▶ _EXERCISE DATA_:

::::::::

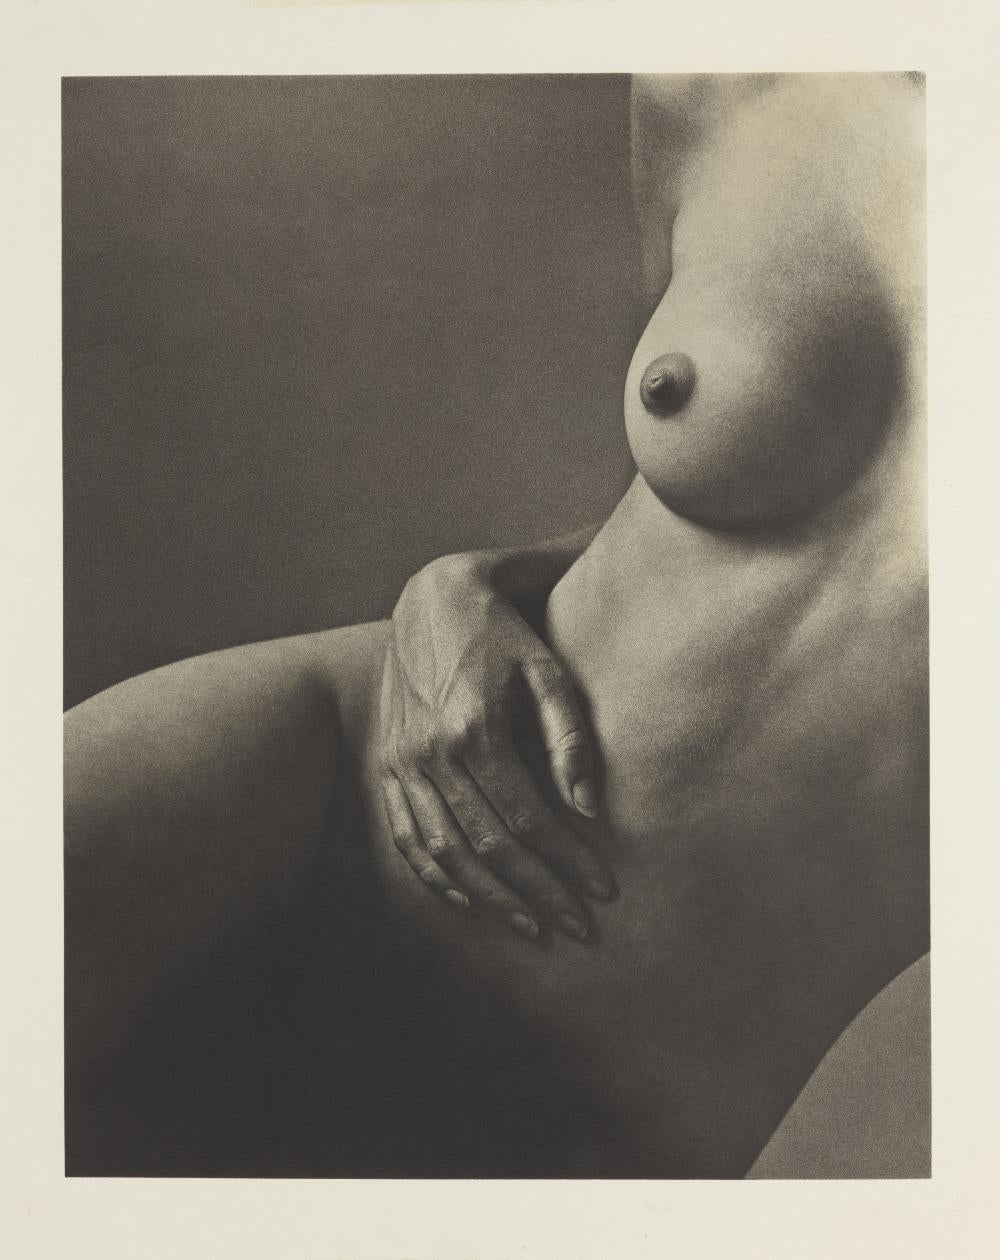 Nude Figure with Breast & Hand, Platinum Palladium Print on Wove by Contemporary British Artist, Malcolm Pasley (Born 1956)

Art measures 14 x 11 inches 
Frame measures 21 x 18 inches  

(Please note this is presented in a perfectly serviceable

::::::::

▶ _YOUR GOAL_:
Your reply should be nothing but the lines from the one containing "Art measures 14 x 11 inches" through the last line above, copied exactly; please include both ends.

▶ _EXERCISE RESPONSE_:
Art measures 14 x 11 inches 
Frame measures 21 x 18 inches  

(Please note this is presented in a perfectly serviceable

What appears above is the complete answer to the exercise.